I kept to my reading. I took little exercise, though I was naturally strong, particularly in the arms. Gallus continued to surpass me at all games and physical feats. He was taller than I, beautifully made, with the face of a god. The soldiers assigned to guard us were infatuated with him, and he flirted shamelessly with them. They took him hunting whenever he chose and I suppose that he had affairs with some of them, though we were both involved much of the time with the same girl—or rather woman.
She was the twenty-five-year-old wife of a civil servant who acted as comptroller to our household. She seduced me first, then Gallus. She was insatiable. Her husband was amenable; not that he had any choice. He used to giggle uncontrollably whenever he saw either of us. He was fat and small, and I remember asking her how she could bear to be touched by him.

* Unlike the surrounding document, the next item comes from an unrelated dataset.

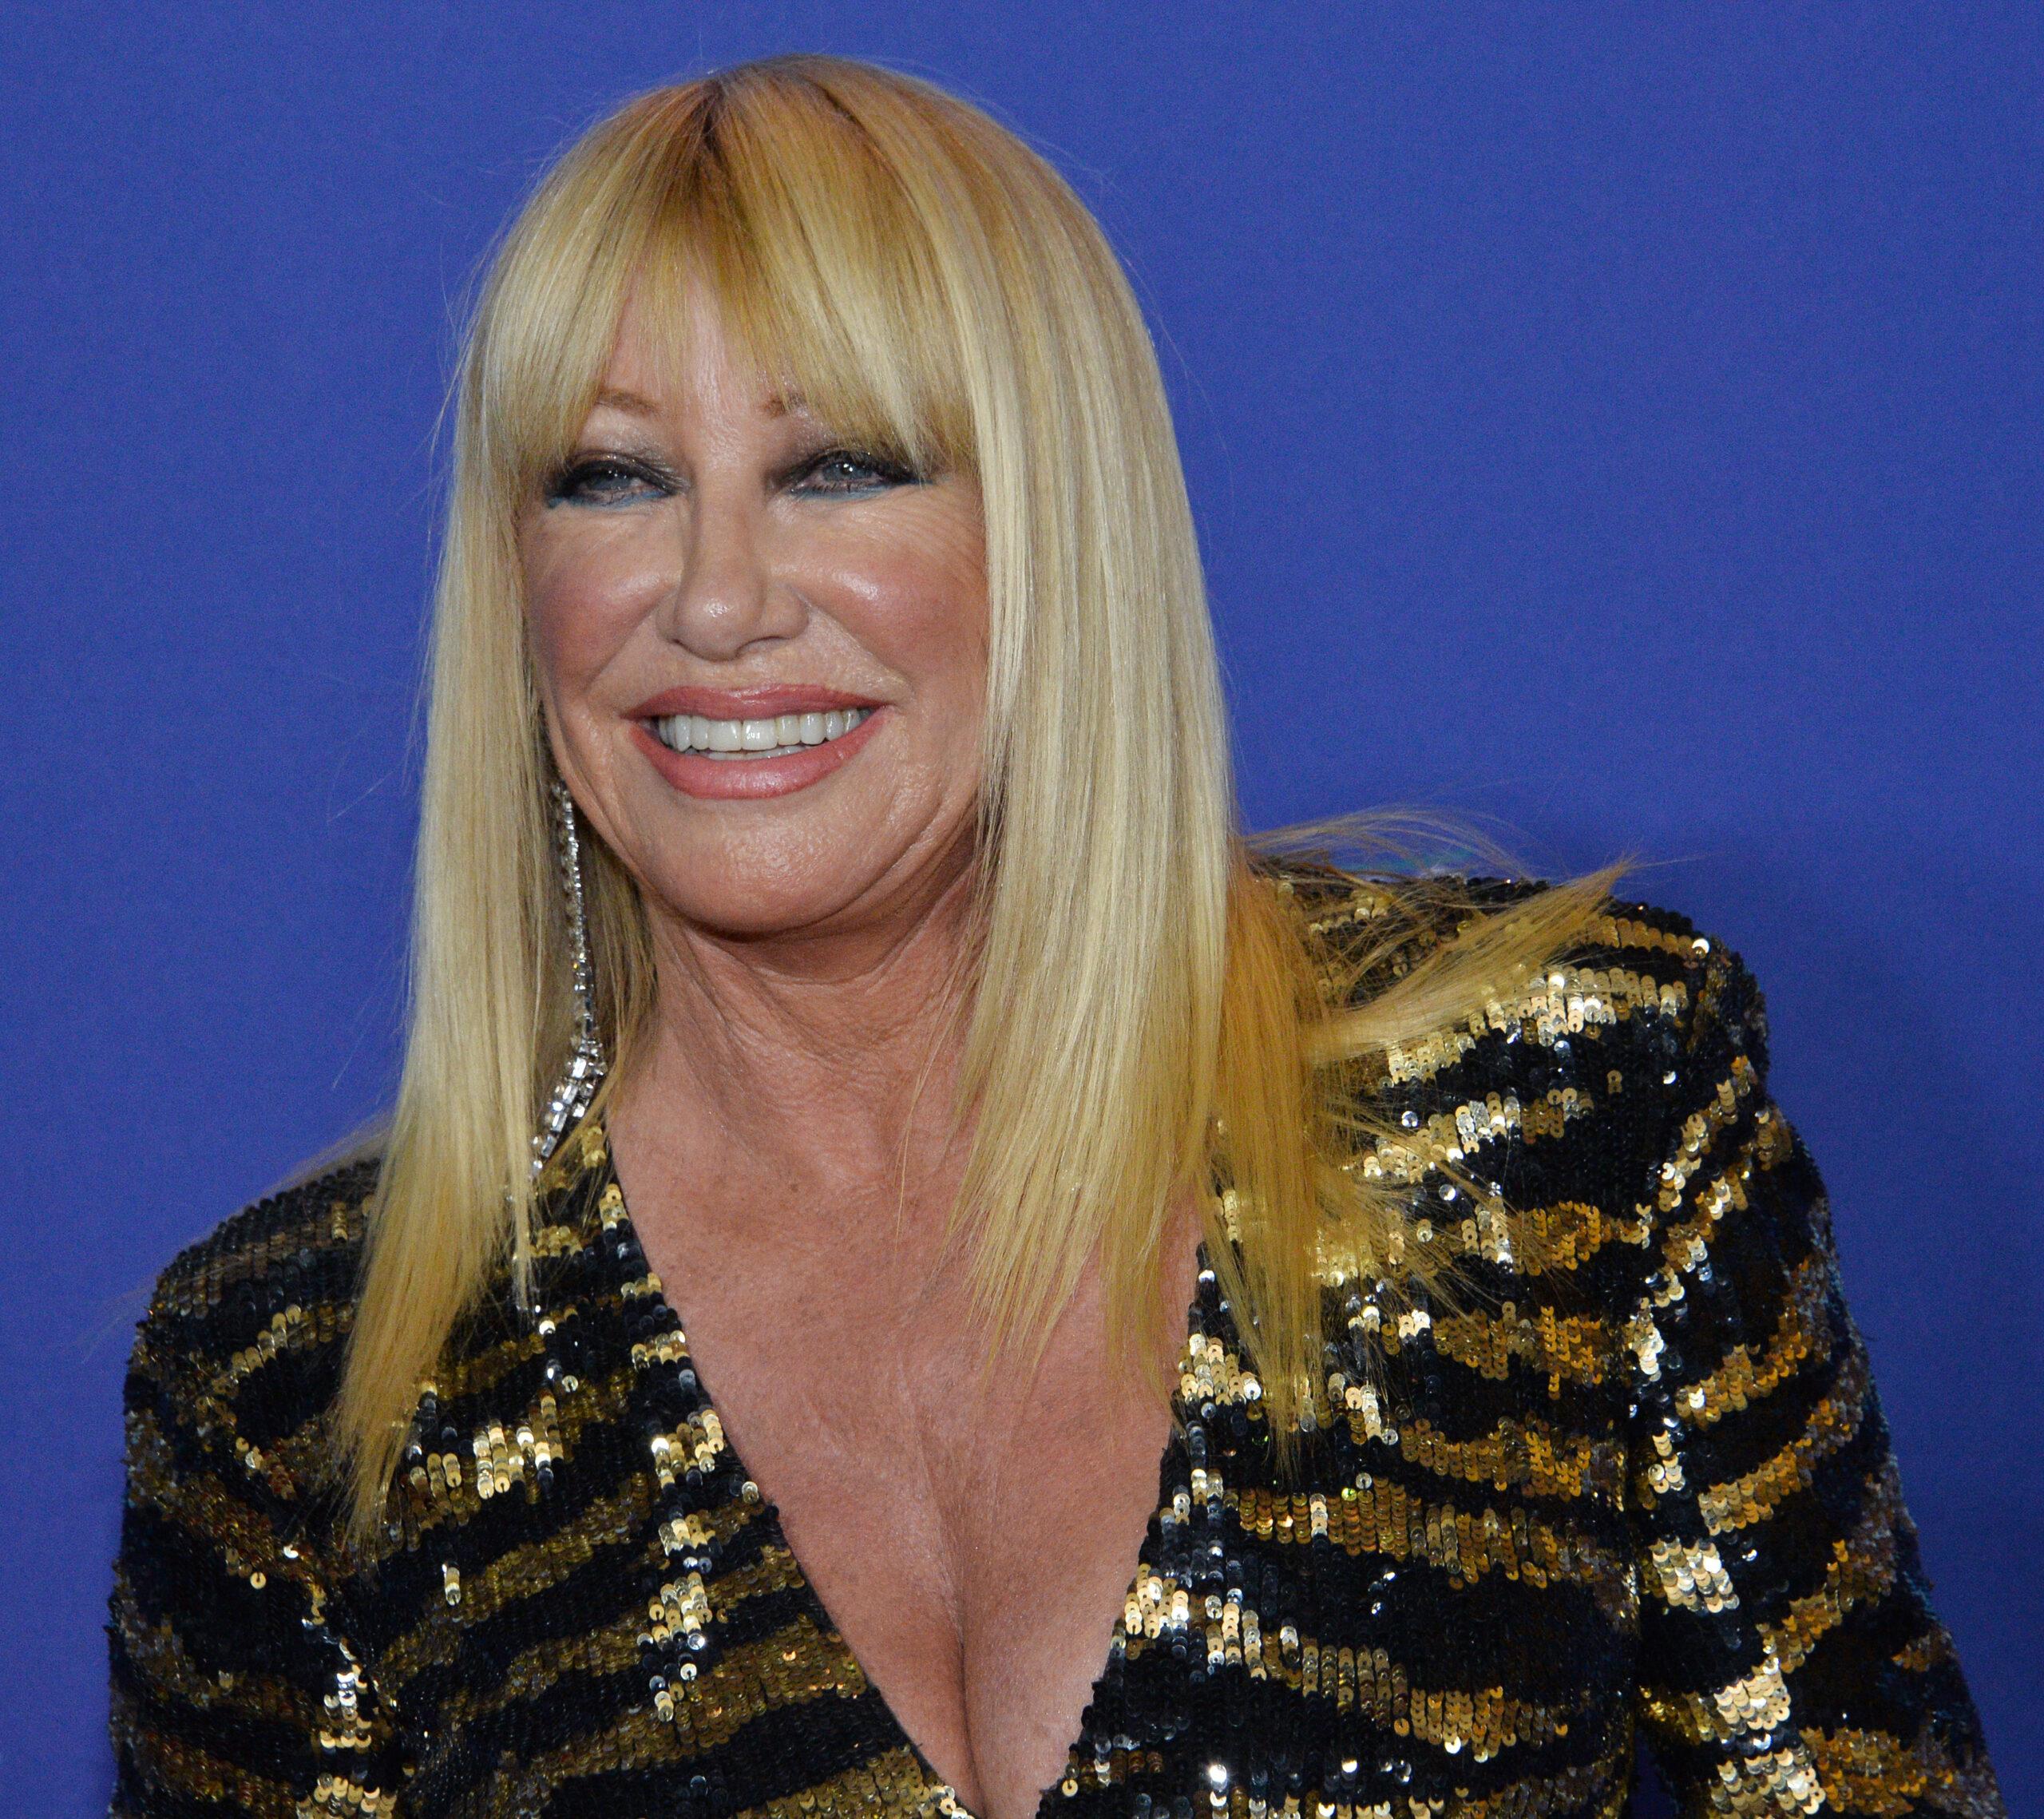 Suzanne Somers attends the Palm Springs International Film Festival in Palm Springs

“He has gifts,” she said slyly. I can still recall how her black hair glistened as it fell over bare brown shoulders. Never before or since have I felt such smooth skin. I suppose she oiled herself but if she did she was an artist at it, for one’s fingers never came away thick with perfumed grease as happens so often with women of her sort. She was Antiochene.
What else? Love-making is the only art the people of Antioch have ever taken seriously. She affected to find me attractive, but it was the golden Gallus who really enchanted her. He used to tell me with pride how “she does everything and I don’t move”. His passivity was baffling. But then I never understood Gallus. Later when he turned monster, I was not surprised. He could have been anything at all because at heart he was nothing.
Yet when he was in a room, all eyes watched him, for he was physically fascinating; men and women were equally attracted to him and since he felt nothing for anyone, every woman saw him as a challenge who must be made to love. So Gallus was able to take his pleasure as he chose… while hardly moving!
The Syrian woman was mistress to us both for three years. Though I am now celibate, I often think of her, especially at night. Where is she now? I don’t dare inquire. She is probably fat and old, living in some provincial town and paying youths to sleep with her. But for a thousand days she was Aphrodite to my Adonis.